Dari pantauan Jawa Pos, sekilas situasi kehidupan sehari-hari di Bangkok berjalan normal. Terjadi kemacetan panjang seperti hari-hari sebelumnya. Aktivitas perdagangan masyarakat pun berjalan seperti biasa.

Tidak ada blokade jalan sebagaimana akhir pekan lalu. Semua angkutan umum juga berjalan. Semua objek wisata terkenal Thailand seperti Wat Arun, pusat grosir MBK, Pasar Catuchak, serta Pasar Pratunam juga masih ramai.

Jam malam yang diberlakukan pukul 24.00"04.00 pun tidak begitu berarti. Sejumlah pusat hiburan malam seperti di kawasan Sukhumvit masih buka. Namun, pengunjung memang lebih sedikit. Lalu lintas di tempat yang menjadi pusat demonstrasi, Monumen Victory, juga lancar. Pasukan militer-polisi memang masih terlihat berjaga. Namun, tidak terlihat seorang pun yang berunjuk rasa.

Dari berita yang beredar di media sosial, memang tidak ada agenda unjuk rasa hingga Sabtu-Minggu mendatang. Juga, tidak ada seruan flash mob politik sebagaimana yang terjadi pada Minggu (1/6). Media sosial memang menjadi sarana baru untuk menyampaikan agenda unjuk rasa.
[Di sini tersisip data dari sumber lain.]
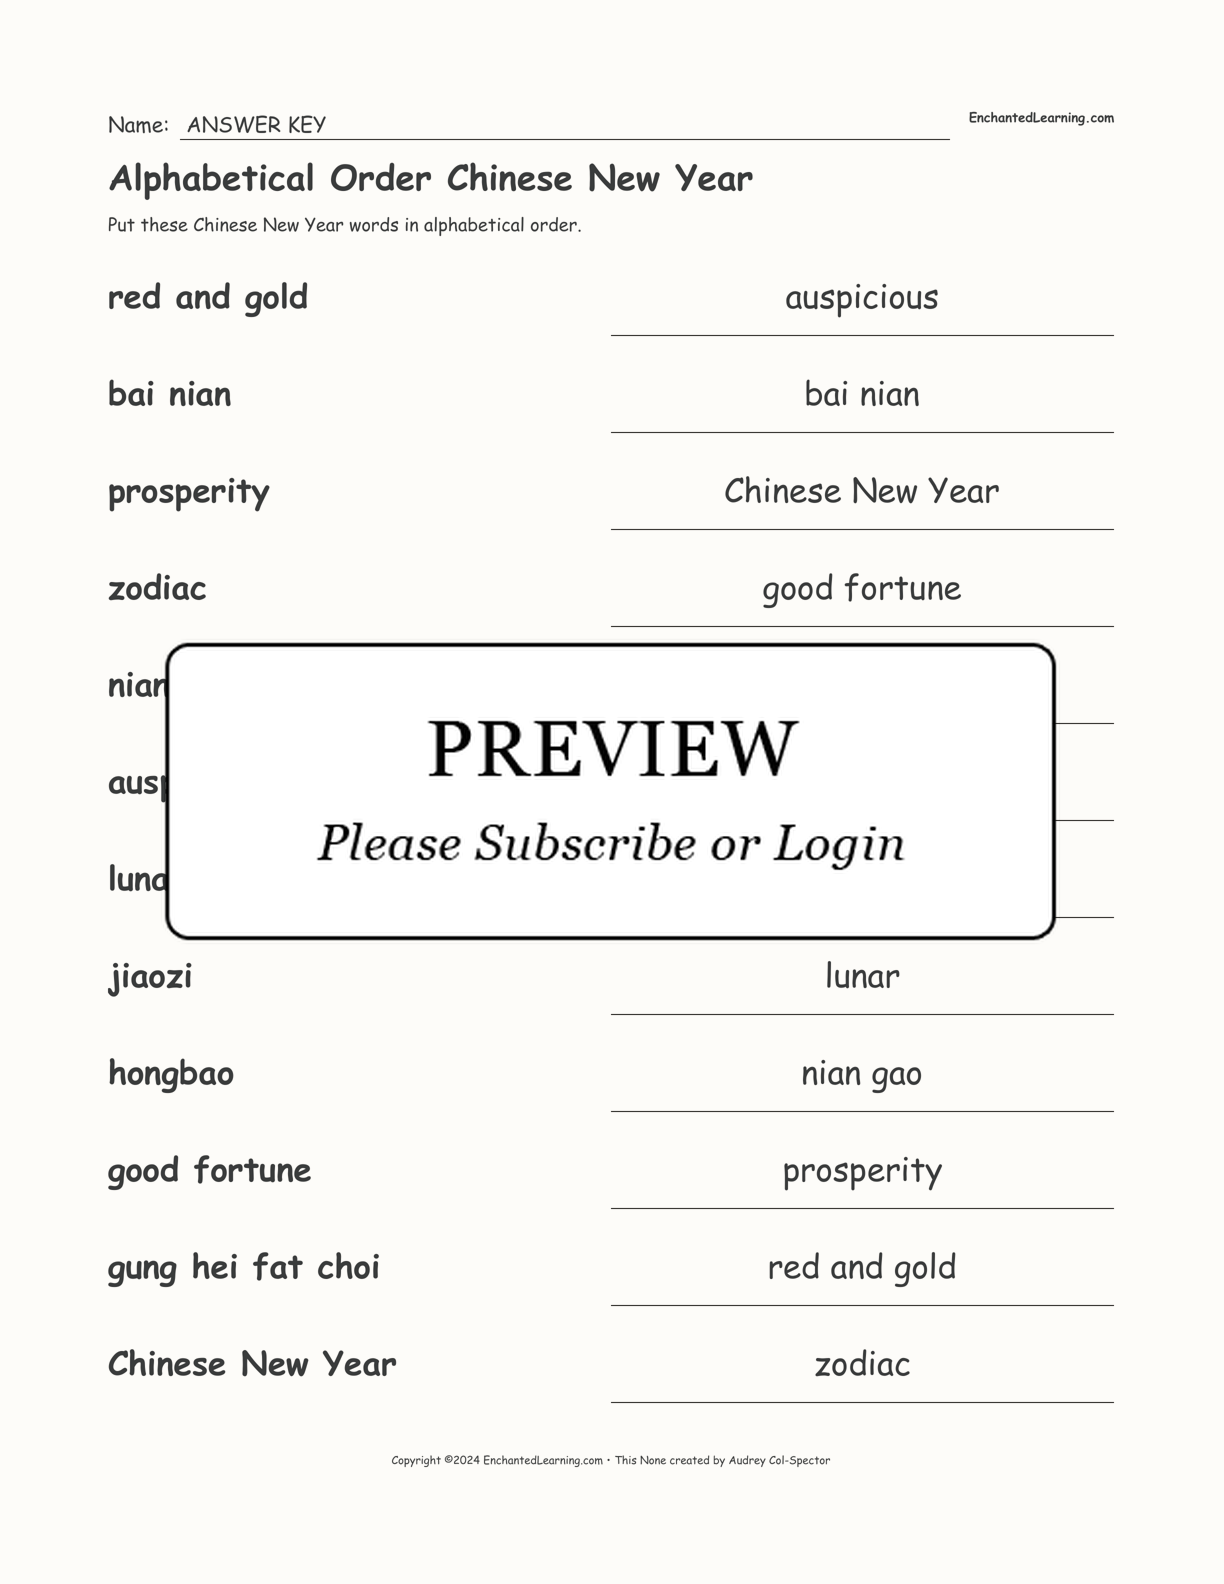 Alphabetical Order Chinese New Year interactive worksheet page 2

Namun, muncul pernyataan dari McDonalds melalui akun Facebook resmi mereka. Raksasa fast food AS tersebut meminta tempatnya tidak dikait-kaitkan dengan kelompok antikudeta.

"Kami tak pernah memfasilitasi kegiatan antikudeta. Kami tidak punya kaitan. Kami akan mengambil langkah-langkah yang dianggap perlu untuk menjernihkannya," bunyi pernyataan mereka.

Sebelumnya pentolan gerakan antikudeta Sombat Boongamanong dan cyber army-nya kerap menggunakan McDonalds. Misalnya, untuk mengecoh polisi pada Minggu lalu. Ketika itu, dalam akun Facebook-nya, Sombat menyatakan telah berada di McDonalds Ratchaprasong. Karena itu, tentara men-sweeping sejumlah konter McDonalds di Bangkok.

Kendati terlihat normal dan tenang, suhu politik tetap tinggi. Minggu malam (1/6), aparat kembali menciduk reporter senior The Nation Pravit Rojanaphruk. Dia disuruh melapor ke markas tentara.

Dia pun melakukannya dengan ditemani sejumlah pengacara serta komisioner Human Right Watch. Hasilnya, sejam kemudian, hanya pengacara dan komisioner Human Right Watch yang kembali. Mereka tidak mengucapkan sepatah kata pun.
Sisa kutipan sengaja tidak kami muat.